Саня с досадой покрутил носом.
– Врага унутреннего, – сообщил он затем.
– Ни хрена себе, – сказал Гнат. – Ну, прости, старик. Я пошел.
– Сядь! Не понял ты ни рожна! – Саня единым махом, как в комедии или игре в кавалерию, вместе со стулом отпрыгнул от стола, потом выдернул верхний ящик до самой собственной груди. Вынул из его глубин какой-то просторный лист и пустил через стол спланировать к Гнату. – Вот, посмотри. За полчаса до твоего звонка ориентировка пришла…
С распечатки на Гната глядел благообразный старец с короткой, несколько куцей, поседевшей клочьями бородкой. Морда дышала интеллектом.

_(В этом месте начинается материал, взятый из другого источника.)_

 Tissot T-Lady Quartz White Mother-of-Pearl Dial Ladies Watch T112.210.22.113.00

– Очередной ученый красно-коричневый, – сказал Саня, отбирая у Гната распечатку. Водка водкой, расслабился Саня, конечно, изрядно – но текст ориентировки Гнату прочесть не дал. Спрятал лист в стол, задвинул ящик и опять верхом на стуле с деревянным стуком вернулся на свое место. – Откуда они берутся до сих пор? – пробормотал он неприязненно и даже с некоторым сарказмом. – И зачем? Алферову завидуют, что ли?
И невесело рассмеялся.
Гнат знать не знал, что за зверь такой – Алферов, но, судя по тону Сани и по его смеху, кем бы этот Алферов ни был, завидовать ему никак не стоило.

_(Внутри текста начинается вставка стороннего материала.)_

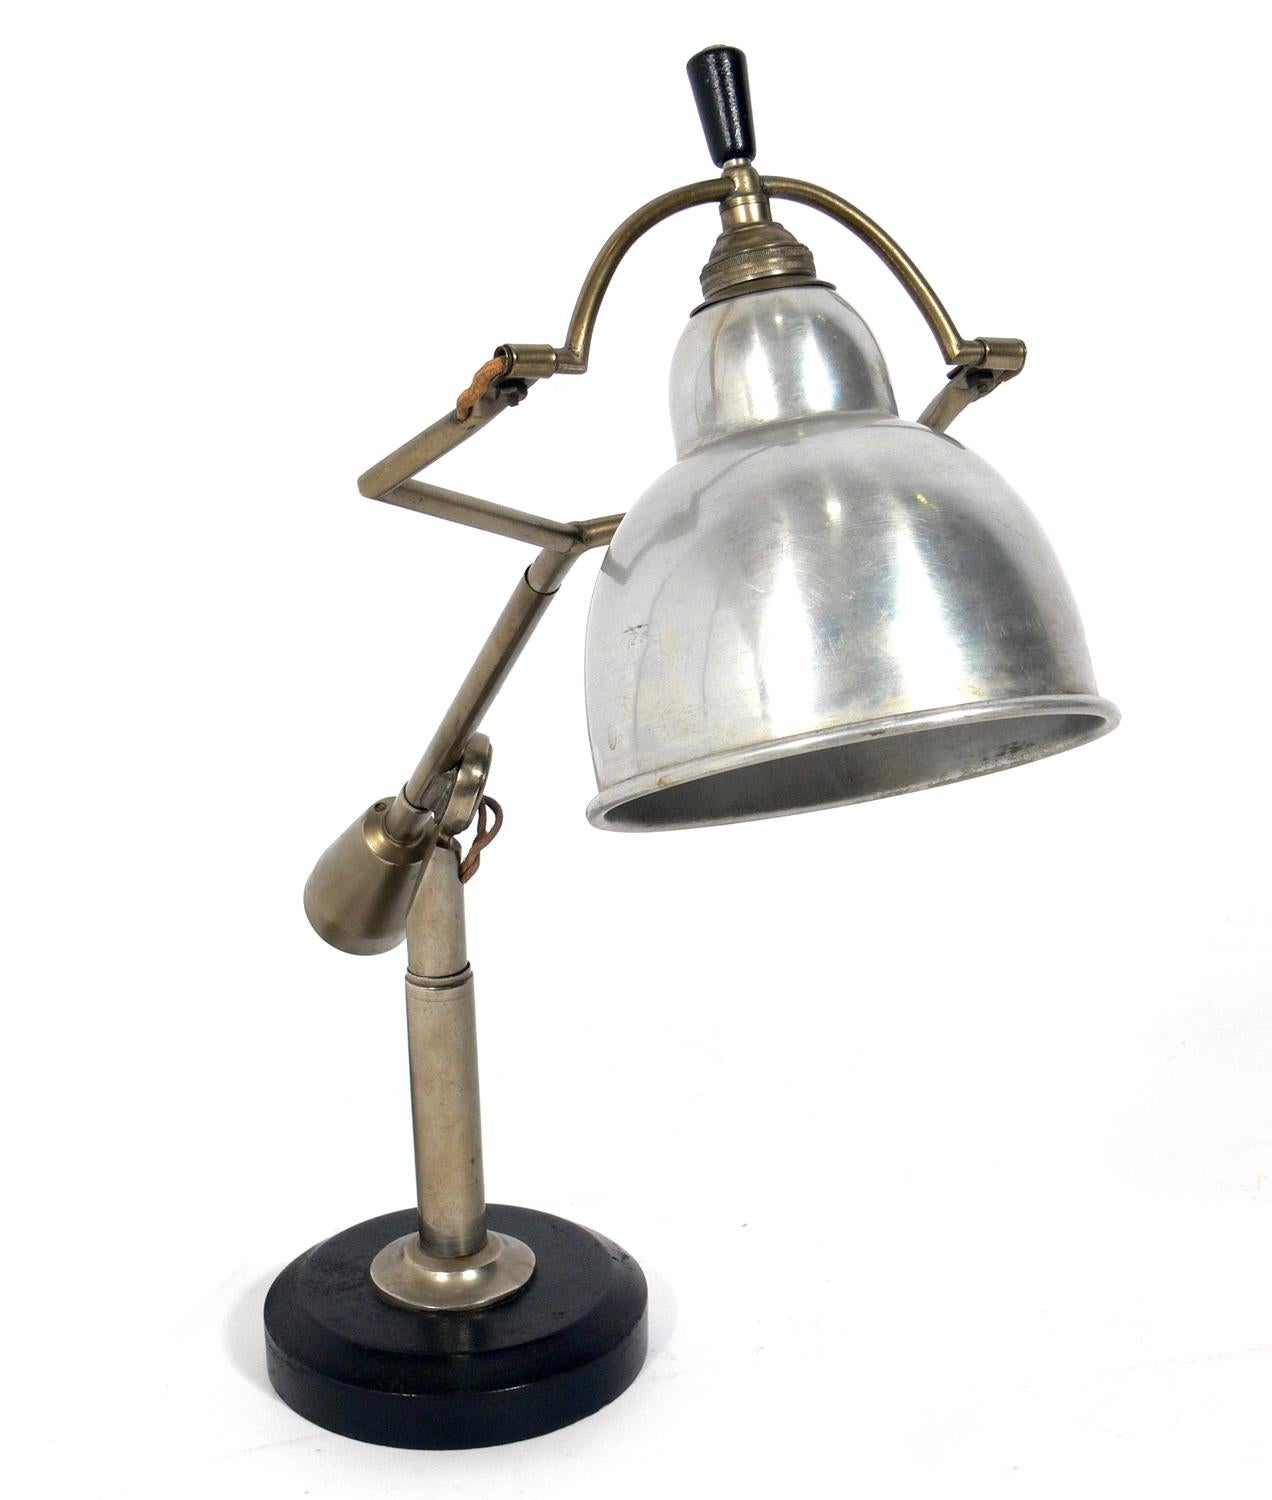 Original cantilevered Art Deco lamp, designed by Edouard-Wilfred Buquet, France, circa 1925. Signed with applied metal manufacturer's label to underside: [Buquet BTE S.G.D.G]. Currently wired for European outlets, tested and functions properly. Can

– Понимаешь, Гнат… – попытался объясниться Саня. – Вот этих я действительно не люблю. Вся морока от них. Сперва коммунизм им не нравился, ущемляет он их, мол… долой тоталитарный режим, давай свободу. Развалили все к едрене фене – и сами же первые обоссались с перепугу. Ладно. Годы летят, годы, как птицы летят… Нет, им опять неймется. А ведь только-только все налаживаться стало – живи и радуйся, знай крутись – и будет тебе все, что душеньке угодно. Так нет! – Он негодующе разрубил ладонью дым. – Опять не все слава богу! Теперь наоборот, подавай им коммунизм – бездуховность, мол, настала. Вконец ведь все развалят!
В логике Сане отказать никак было нельзя – Гнат знай кивал в такт его словам. В голове туманилось и млело.
– А бомбу кто атомную придумал? – в запале продолжал Саня. – А генное оружие? Недавно, правда, говорят, торсионы какие-то нашли, они, мол, не то, что раньше – наши, мол, христианские… А только попомни, Гнат, мое слово – на поверку окажется такое же дерьмо!
Гнат опять мотнул головой в полном согласии.
– Вот почему мне их не жалко, – уже несколько спокойнее сказал Саня. – Вот ни на столько. – Он показал Гнату кончик мизинца. – Так что я тебе не какой-нибудь там КГБ. Понял?
– Понял, – ответил Гнат и в последний раз кивнул.
– А у тебя опыта такой работы нету, – сказал Саня. – Ведь нету?
Гнат не сразу вспомнил, о чем идет речь. А вспомнив, восхитился: вот Саня! Ну Саня! Какой мужик и какой друг! Так держать нить разговора!
– Нету, – печально подтвердил он.
– Трудно будет про тебя что-то замолвить… – пробормотал Саня. – При случае попробую, но… – Взял свой стакан, заглянул в него. – Ну что? Будем еще брать?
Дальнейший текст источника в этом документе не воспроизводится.